Zero-Downtime Upgrade Process¶
Step 1: Update Image Tags¶
# Edit MetadataServices resource
kubectl edit metadataservices sample1 -n autoscalingv2
# Update image tags:
spec:
storage:
imageTag: "1.0.500-new" # Updated from 1.0.437-old
schema:
imageTag: "1.0.600-new" # Updated from 1.0.547-old
OR via kubectl patch:
kubectl patch metadataservices sample1 -n autoscalingv2 --type=merge -p '
{
"spec": {
"storage": {"imageTag": "1.0.500-new"},
"schema": {"imageTag": "1.0.600-new"}
}
}'
Step 2: Monitor Upgrade Progress¶
# Watch deployment phase
watch -n 2 "kubectl get metadataservices sample1 -n autoscalingv2 \
-o jsonpath='{.status.deploymentPhase}: {.status.activeStrategy} -> {.status.pendingStrategy}'"
# Phases: Stable -> Deploying -> Switching -> Cleanup -> Stable
Expected Timeline:
| Phase | Duration | Description |
|---|---|---|
| Stable → Deploying | 0s | New strategy deployment initiated |
| Deploying | 2-5 min | New pods starting, passing health checks |
| Deploying (grace) | 2 min | Grace period for stability |
| Switching | 10s | Traffic switched to new version |
| Cleanup | 30s | Old version resources deleted |
| Stable | - | Upgrade complete |
Total: ~5-10 minutes
Step 3: Verify Upgrade¶
# Check active version
kubectl get metadataservices sample1 -n autoscalingv2 \
-o jsonpath='{.status.activeReleaseVersion}'
# Check current image tags
kubectl get metadataservices sample1 -n autoscalingv2 \
-o jsonpath='{.spec.storage.imageTag}: {.spec.schema.imageTag}'
# Check pods are running
kubectl get pods -n autoscalingv2 -l app=sample1
# Check release history
kubectl get metadataservices sample1 -n autoscalingv2 \
-o jsonpath='{.status.releaseHistory}' | jq .
Step 4: Test Application¶
# Test storage service
kubectl run -it --rm debug --image=curlimages/curl --restart=Never -- \
curl -v http://sample1-storage-green:9005
# Test schema service
kubectl run -it --rm debug --image=curlimages/curl --restart=Never -- \
curl -v http://sample1-schema-green:9006
# Check logs for errors
kubectl logs -n autoscalingv2 -l app=sample1 --tail=100 | grep ERROR
Batch Upgrades¶
For upgrading multiple MetadataServices resources:
#!/bin/bash
# batch-upgrade.sh
NEW_STORAGE_TAG="1.0.500-new"
NEW_SCHEMA_TAG="1.0.600-new"
NAMESPACE="autoscalingv2"
# Get all MetadataServices resources
RESOURCES=$(kubectl get metadataservices -n $NAMESPACE -o name)

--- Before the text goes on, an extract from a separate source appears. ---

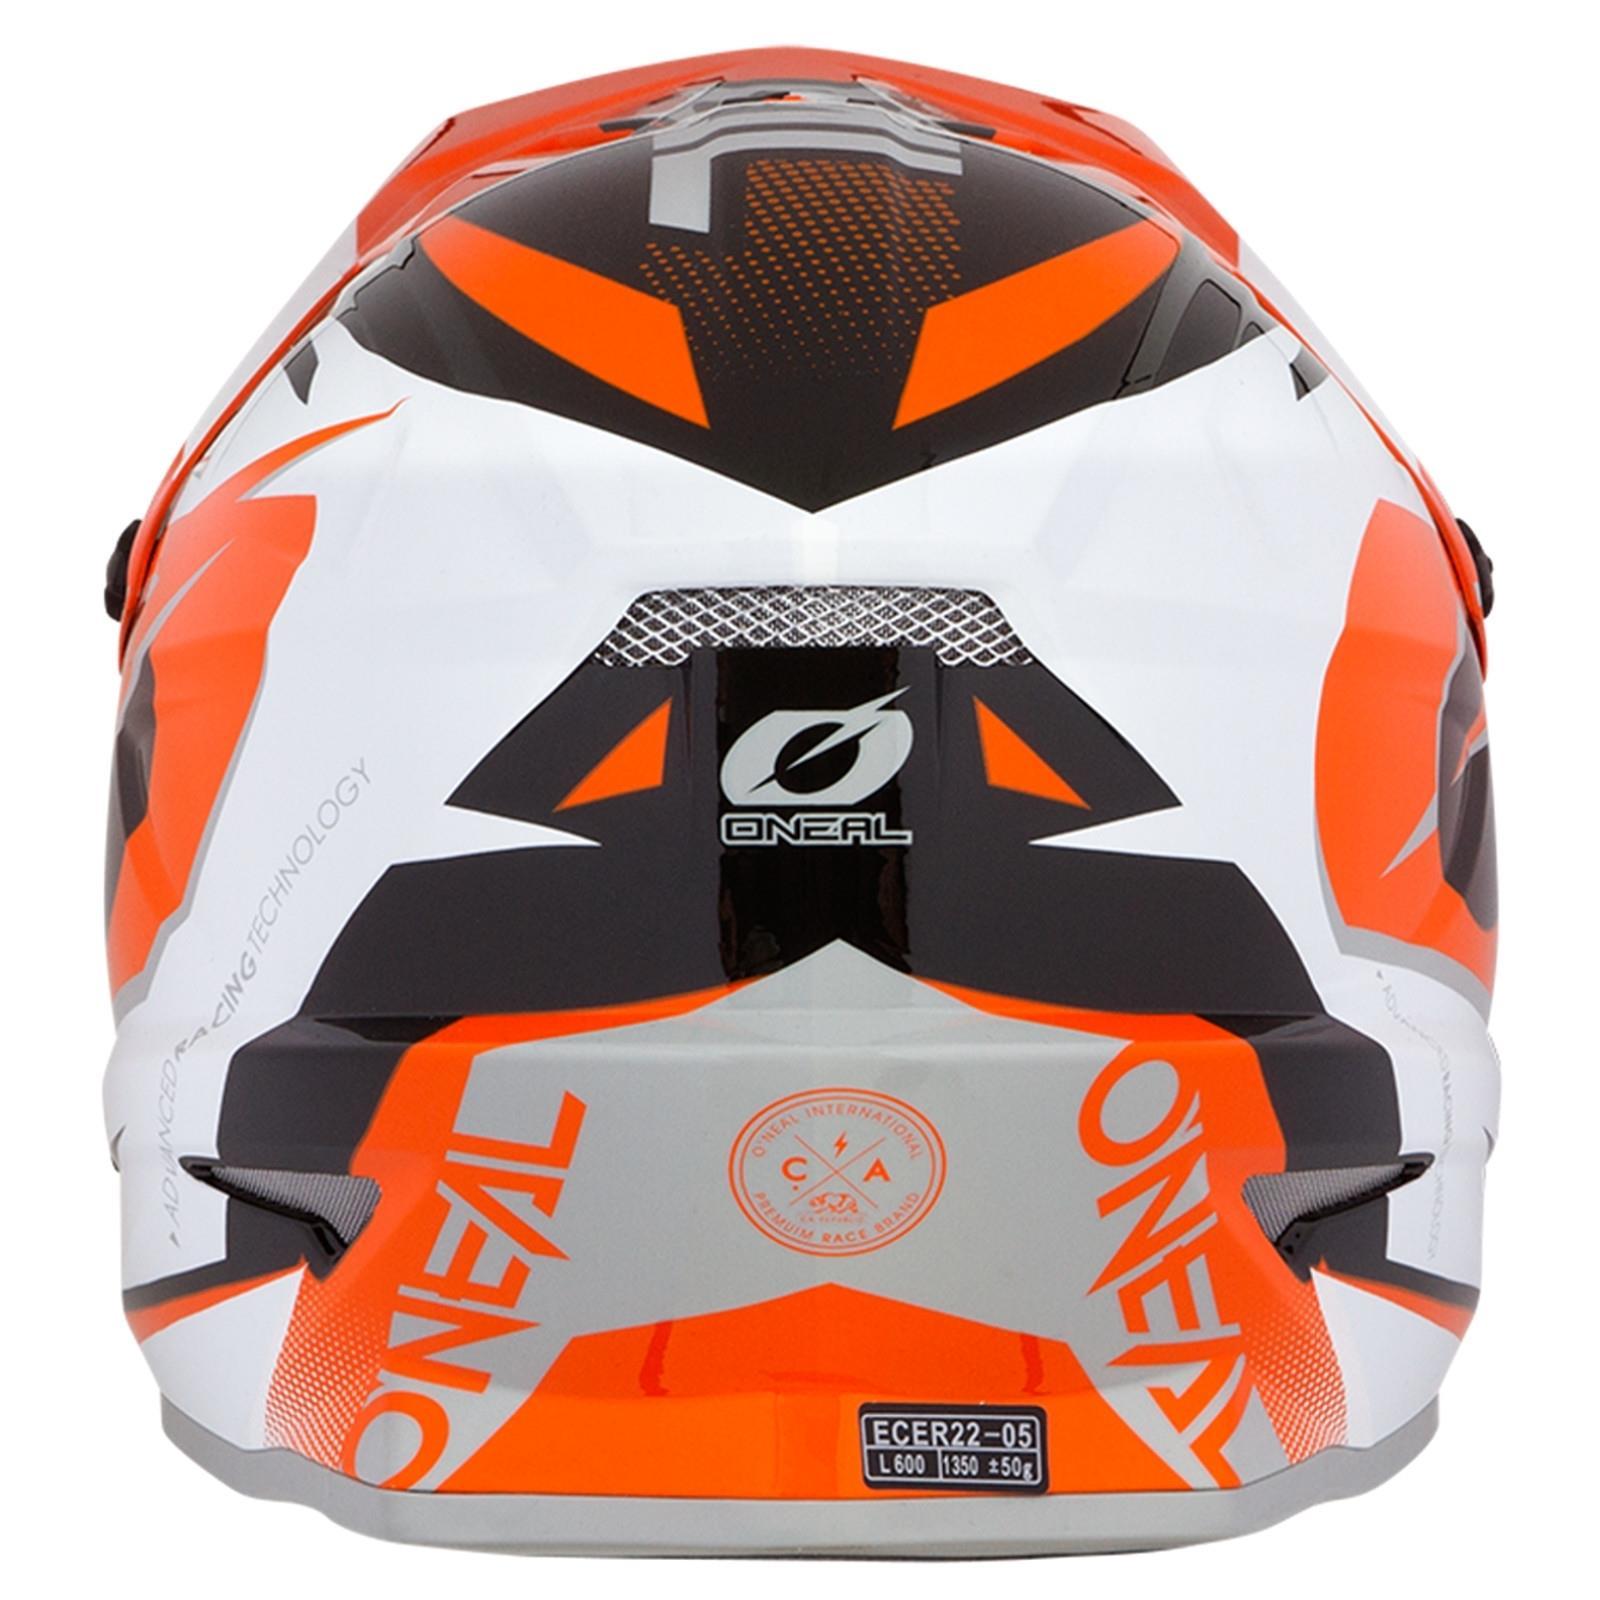 ONeal-Motocross-casco-MX-ENDURO-MOTO-BICI-FUORISTRADA-CROSS-Series-Adventure miniatura 41

for resource in $RESOURCES; do
name=$(echo $resource | cut -d'/' -f2)
echo "Upgrading $name..."
kubectl patch metadataservices $name -n $NAMESPACE --type=merge -p "
{
\"spec\": {
\"storage\": {\"imageTag\": \"$NEW_STORAGE_TAG\"},
\"schema\": {\"imageTag\": \"$NEW_SCHEMA_TAG\"}
}
}"
# Wait for upgrade to complete
echo "Waiting for $name to stabilize..."
while true; do
phase=$(kubectl get metadataservices $name -n $NAMESPACE -o jsonpath='{.status.deploymentPhase}')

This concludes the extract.